根据Call trace我们很容易追踪到非法地址的引入源头gt1x_debug_read_proc+0x74
,注意偏移0x74地址为ffffff80089b4560,但需要减4个字节ffffff80089b455c(根据调用流程推导,具体原因不明),使用命令aarch64-linux-android-addr2line -e vmlinux -Cf ffffff80089b455c
可以转换具体的代码行,如下可以直接查到104行代码ptr += sprintf(ptr, "==== GT1X default config setting in driver====\n")
xxxxx@*****:~/workspace/project/xxxxxx/android/prebuilts/gcc/linux-x86/aarch64/aarch64-linux-android-4.9/bin$ ./aarch64-linux-android-addr2line -e vmlinux -Cf ffffff80089b455c
gt1x_debug_read_proc
/devdata/jenkins/dailybuild/xxxxxx/android/kernel/msm-4.14/drivers/input/touchscreen/gt1x_v1.6_generic/gt1x_generic.c:104
ffffff80089b44ec :
ffffff80089b44ec: a9ba6ffc stp x28, x27, [sp,#-96]!
ffffff80089b44f0: a90167fa stp x26, x25, [sp,#16]
ffffff80089b44f4: a9025ff8 stp x24, x23, [sp,#32]
ffffff80089b44f8: a90357f6 stp x22, x21, [sp,#48]
ffffff80089b44fc: a9044ff4 stp x20, x19, [sp,#64]
ffffff80089b4500: a9057bfd stp x29, x30, [sp,#80]
ffffff80089b4504: 910143fd add x29, sp, #0x50
ffffff80089b4508: d10043ff sub sp, sp, #0x10
ffffff80089b450c: d000afe8 adrp x8, ffffff8009fb2000
ffffff80089b4510: aa0303f3 mov x19, x3
ffffff80089b4514: aa0103f6 mov x22, x1
ffffff80089b4518: f941c508 ldr x8, [x8,#904]
ffffff80089b451c: f81a83a8 stur x8, [x29,#-88]
ffffff80089b4520: 97db8345 bl ffffff8008095234 <_mcount>
ffffff80089b4524: f000b8fa adrp x26, ffffff800a0d3000
ffffff80089b4528: 910003e9 mov x9, sp
ffffff80089b452c: b941f748 ldr w8, [x26,#500]
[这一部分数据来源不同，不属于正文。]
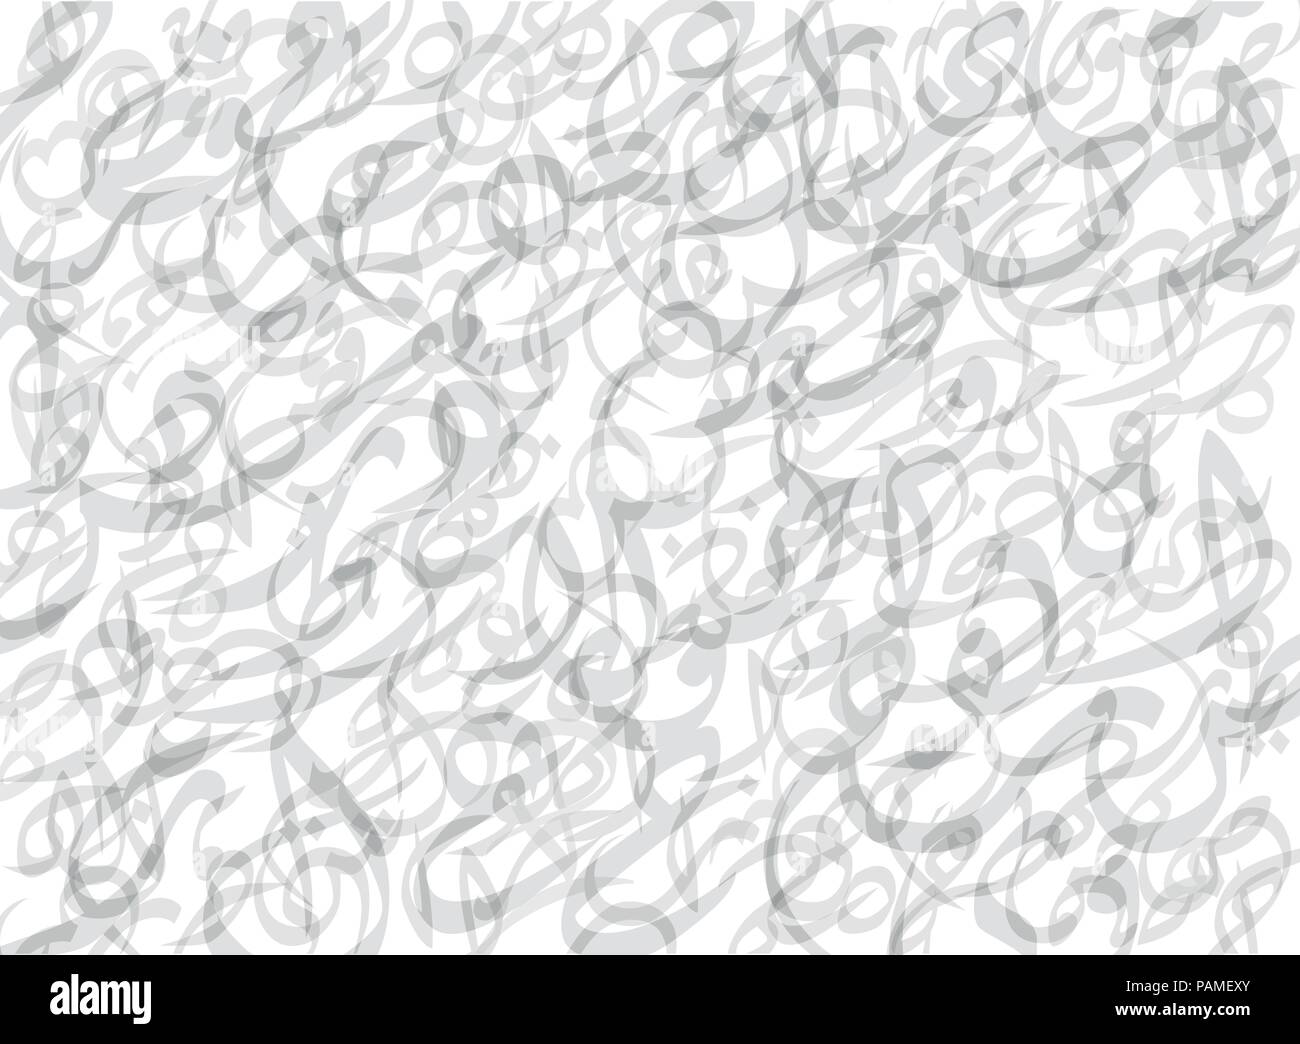 Abstract BlueBackground casuale di lettere arabe con nessun significato particolare, in bianco e nero di tono. Vettore illustrazione dello sfondo. Illustrazione Vettoriale
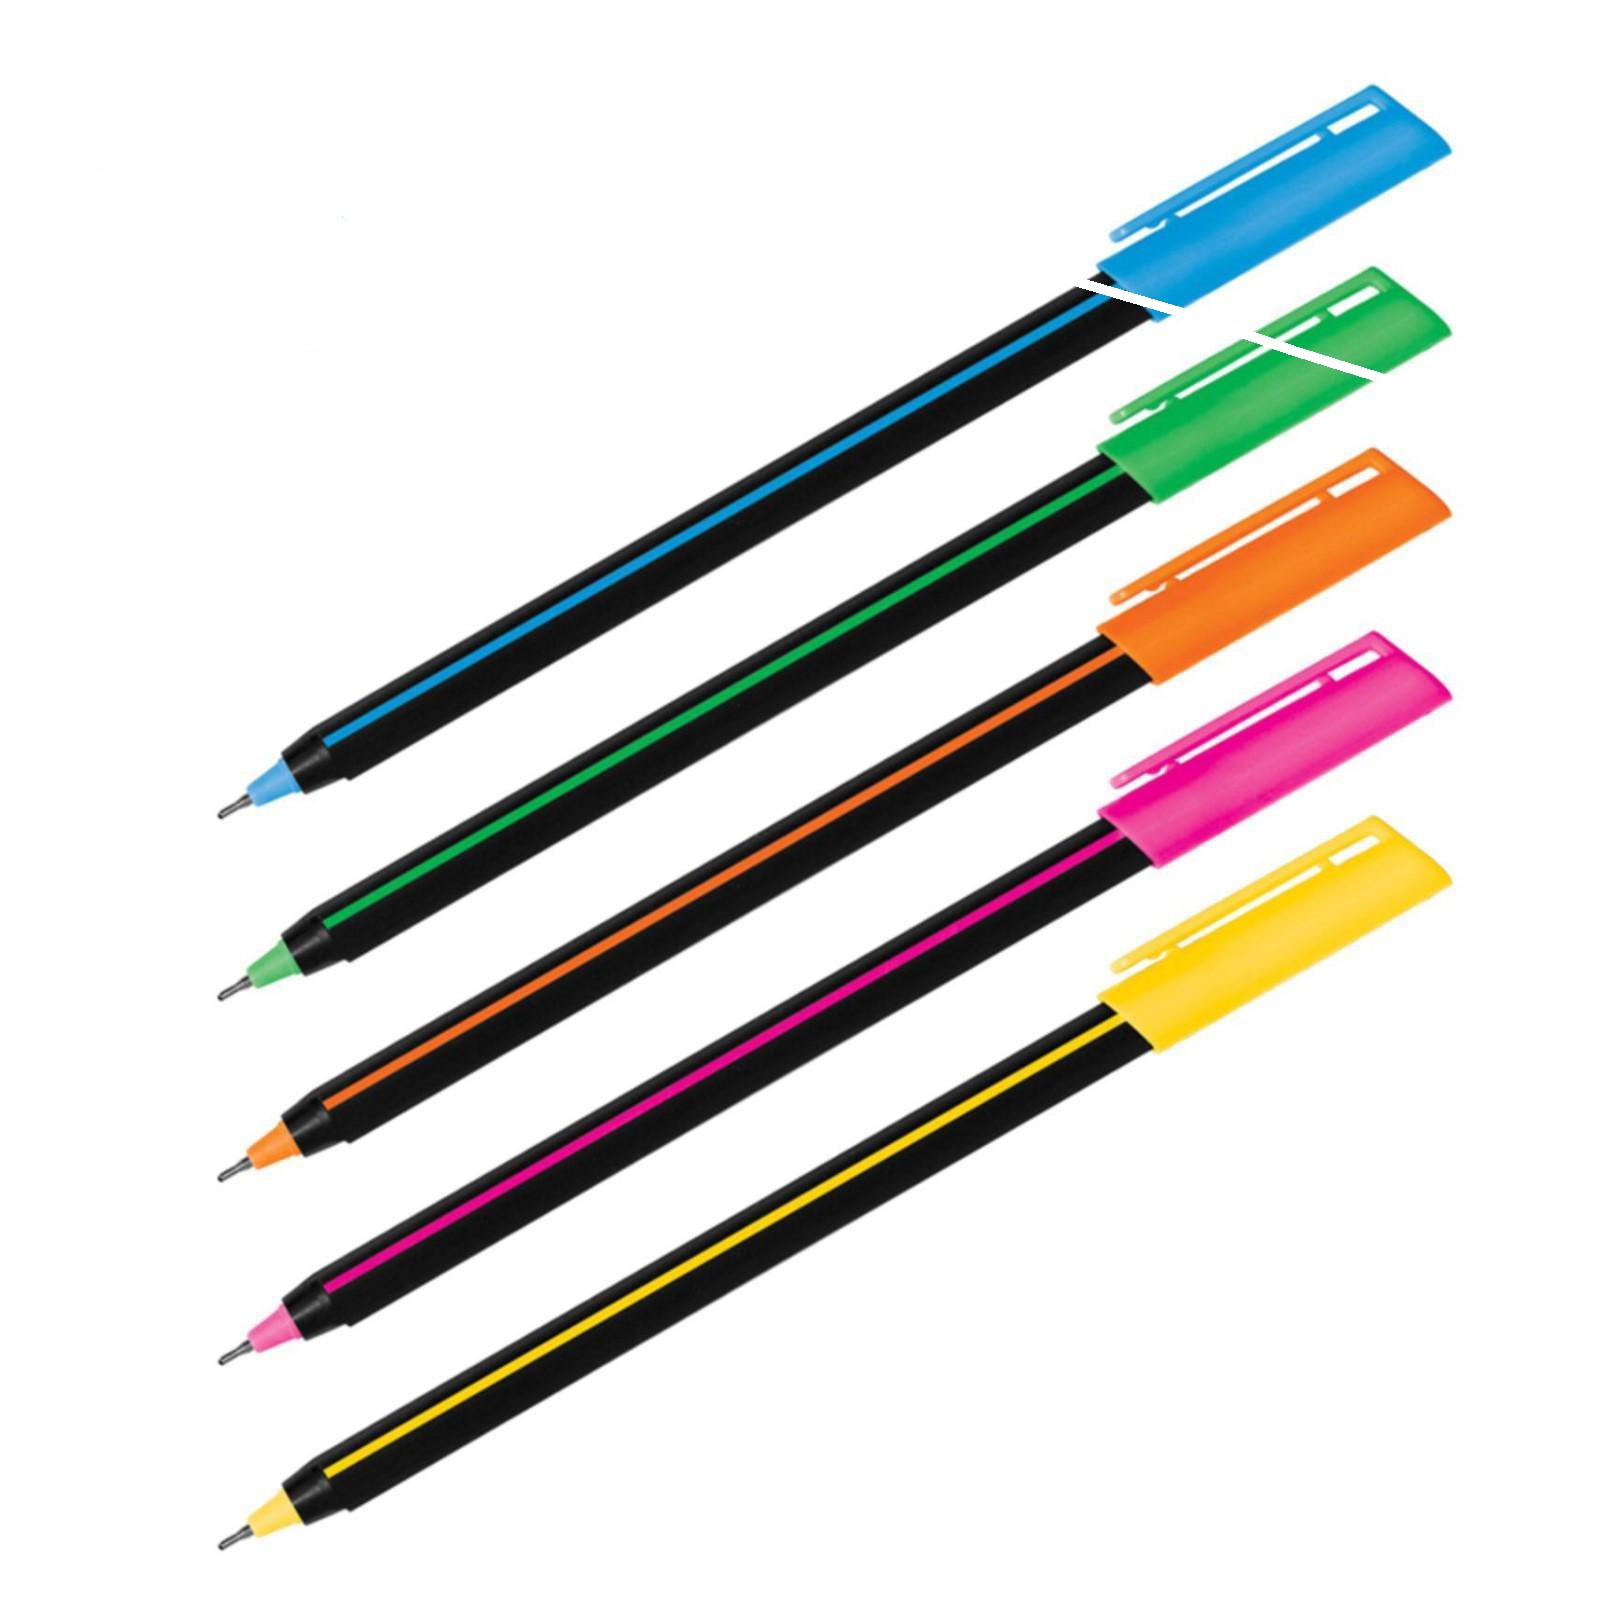 Ручка шариковая Luxor Stick Soft Touch синяя, 0,7мм, корпус ассорти

ffffff80089b4530: 91003d08 add x8, x8, #0xf
ffffff80089b4534: 927c7108 and x8, x8, #0x1fffffff0
ffffff80089b4538: cb080135 sub x21, x9, x8
ffffff80089b453c: 910002bf mov sp, x21
ffffff80089b4540: f9400268 ldr x8, [x19]
ffffff80089b4544: b4000068 cbz x8, ffffff80089b4550
ffffff80089b4548: aa1f03e0 mov x0, xzr
ffffff80089b454c: 140000b4 b ffffff80089b481c
ffffff80089b4550: b00067a1 adrp x1, ffffff80096a9000
ffffff80089b4554: 91250821 add x1, x1, #0x942
ffffff80089b4558: aa1603e0 mov x0, x22
ffffff80089b455c: 941cb212 bl ffffff80090e0da4
ffffff80089b4560: d0010ed4 adrp x20, ffffff800ab8e000
8.
这个死机问题,其实比较简单,不需要前2步分析,也能判断大概死机原因。根据这个logInternal error: Accessing user space memory outside uaccess.h routines: 9600004f [#1] PREEMPT SMP
,其实就可以大概猜测到传递给__memcpy
函数的地址可能是非法的用户空间地址,只需跟踪Call trace,找到非法参数引入的地方。查看 gt1x_debug_read_proc
代码,发现ptr += sprintf(ptr, "==== GT1X default config setting in driver====\n")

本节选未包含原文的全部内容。